McCain leaps then hesitates then leaps then hesitates
I’ll admit it, I’m a John McCain fan. Well maybe I should rephrase that; I used to be a John McCain fan. In 2000 he captured my attention with his “Straight Talk Express” and willingness to speak the truth about the problems in Washington D.C. and with our country. Unfortunately for the senator from Arizona, he ran into the Bush “compassionate conservative” buzzsaw during the 2000 primary season and was decimated when the campaign trail wound through the christofacist South. Jerry Falwell said nasty things about the senator and that was just about the best endorsement I would ever need.
He drank the Bush Kool-Aid in 2004 and sat back as party leaders tasked him to help the President get re-elected - and by doing so set himself up as the heir apparent for 2008. McCain followed their advice, spurned his friend (and fellow Vietnam veteran) John Kerry and touted the Bush doctrine in the Middle East. I had no difficulty in 2004 agreeing with McCain’s approach. His endorsement of Bush in the race against Kerry was important, but not overly enthusiastic. He made a few appearances with the President where it was necessary, but he in no way carried Bush’s proxy. He was still a sovereign voice and wisely using his clout in exchange for future consideration.

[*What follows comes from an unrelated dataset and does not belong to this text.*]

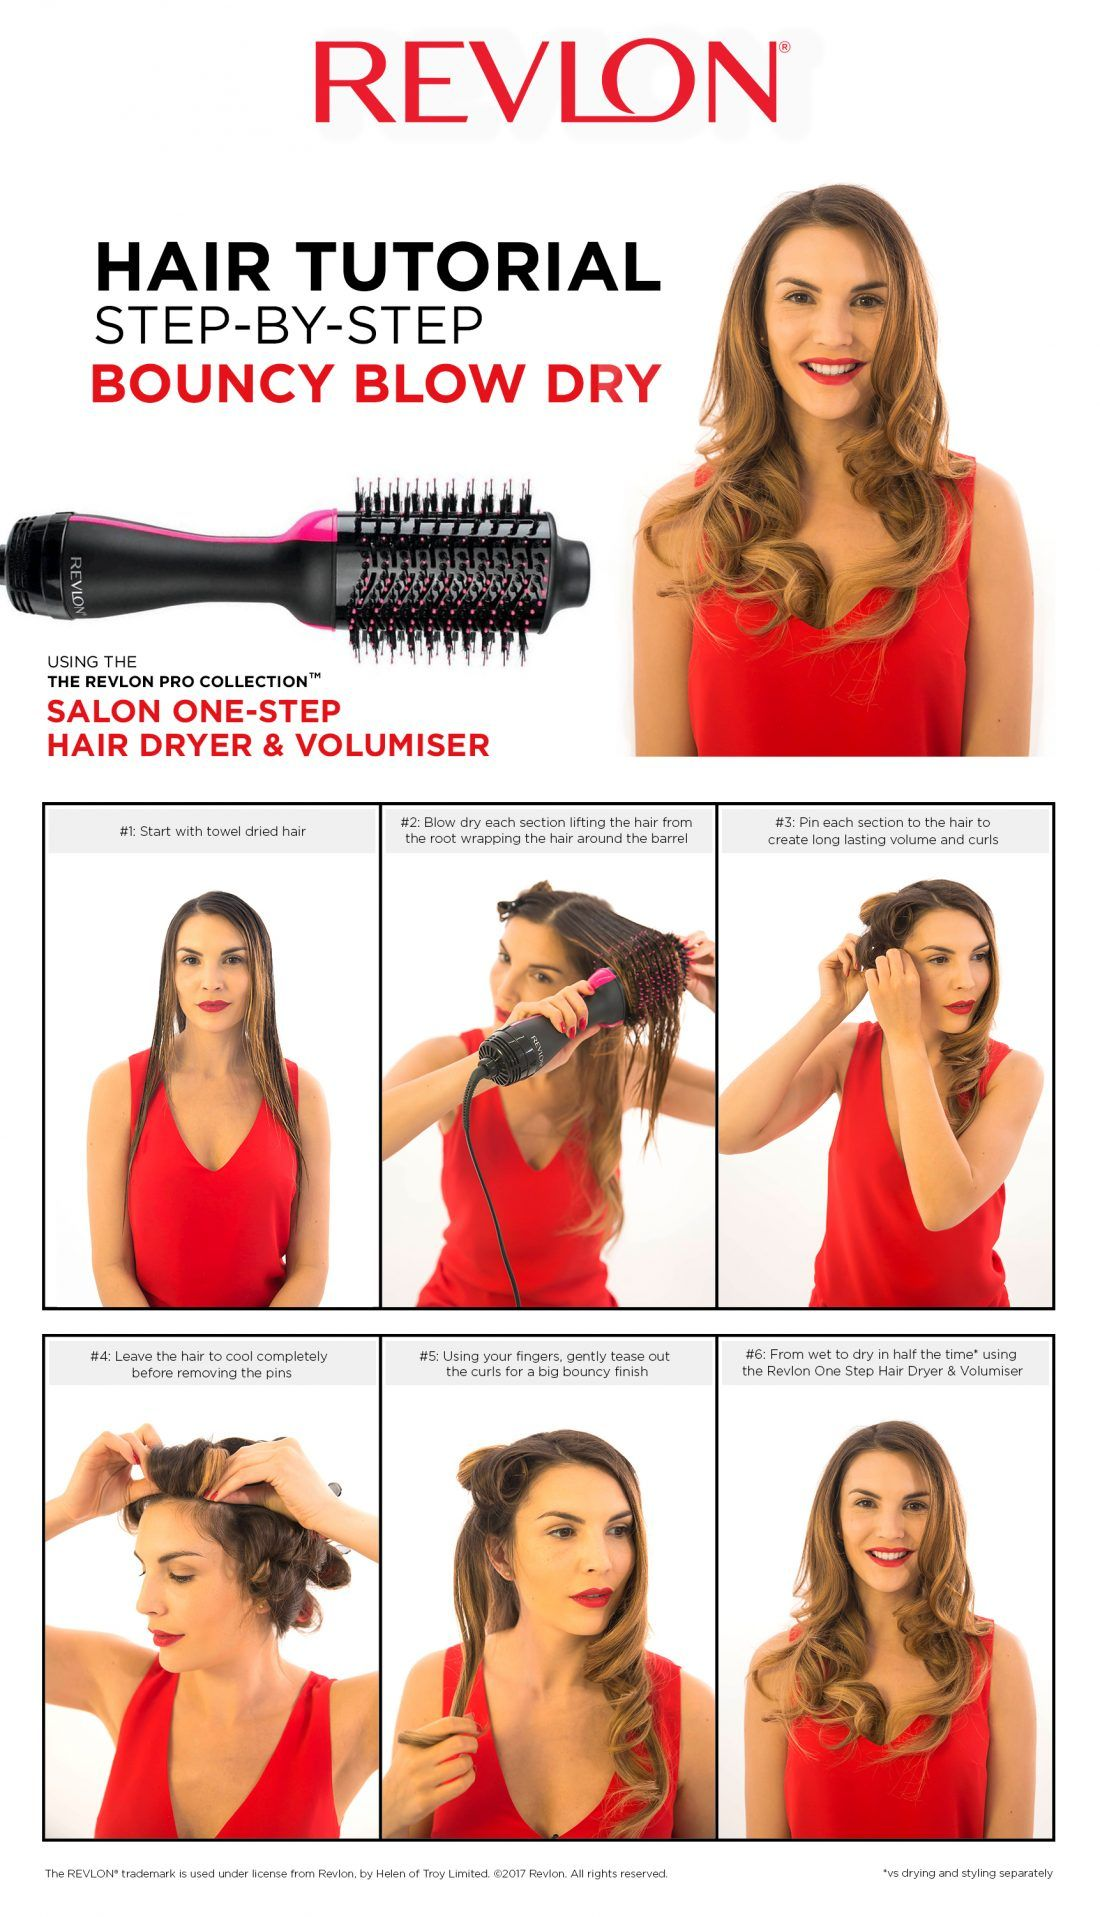 Ad revlon salon one step hair dryer volumiser hair

His work in the Senate has remained some of the least self-serving and most statesmanlike. Campaign finance reform, strong opposition to torture, organizing the middle of the road Gang of 14 compromise - did not endear him with Republican conservatives; and on the other side of the aisle, his steadfast support for winning the war in Iraq has alienated many Democrats who once considered him worthy enough to cross party lines and cast a McCain vote. All of these actions demonstrated his independence and I marveled at his conviction of conscience to stand his ground.
But something has happened to John McCain.
It began last year at the Southern Republican Leadership Conference when he announced to supporters for the event’s presidential straw poll, “write-in President Bush” in place of his own name. While this may have been more a political shenanigan to rescue an almost certain loss to hometown favorite Bill Frist, it marked a strange change of direction in what had always been McCain’s straight talk approach. The SRLC event was an opportunity for McCain to distance himself from the President and maintain his maverick status, but he instead chose to do the exact opposite.
Since that time, the McCain movement has been less express and more repress. He starts then stops then starts, and it seems like each new start is accompanied by a turn that takes him further to the right. He and Jerry Falwell are pals. He was a strong supporter of arch-conservative former Ohio gubernatorial candidate Ken Blackwell and now he’s leaning toward a gay marriage ban (a position he once rallied against).
I recognize that all of this new behavior is designed to move him to the right and make him more attractive to the Republican base. He must please the far right if he hopes to earn the party’s nomination, but it’s not the John McCain I thought I knew.
And I don’t think it’s the John McCain that looks back at him from the mirror in the morning. For the first time since I’ve followed his career, I don’t think John McCain is comfortable in his own skin. He’s bought the consultant’s script and it’s stifled the McCain that America loves. It’s something you often see in candidates when they get larger than life - it happened in 2000 to Al Gore and it’s what Joe Klein calls an “inconvenient truth” (not the Gore movie) of politics in his book ‘Politics Lost‘.
McCain’s leap then hesitate litany was on display last night as he “soft announced” his candidacy for president on ‘Late Night with David Letterman’. The obvious scripting of the show and the interview smelled so much of a set-up that it betrayed the disaster of the new McCain. The stop and start pattern couldn’t have been more evident, when he quickly followed his ‘announcement’ with a caveat that the ‘official’ announcement will take place in April. No honesty, no realism, just scripted fluff. Even the once glib off the cuff McCain was replaced by a forced repartee infused with campaign-trail tested one liners (all of which I and I assume many other folks have heard from him before).
I miss John McCain and if he wins the Republican nomination, maybe he should consider doing so under an assumed name.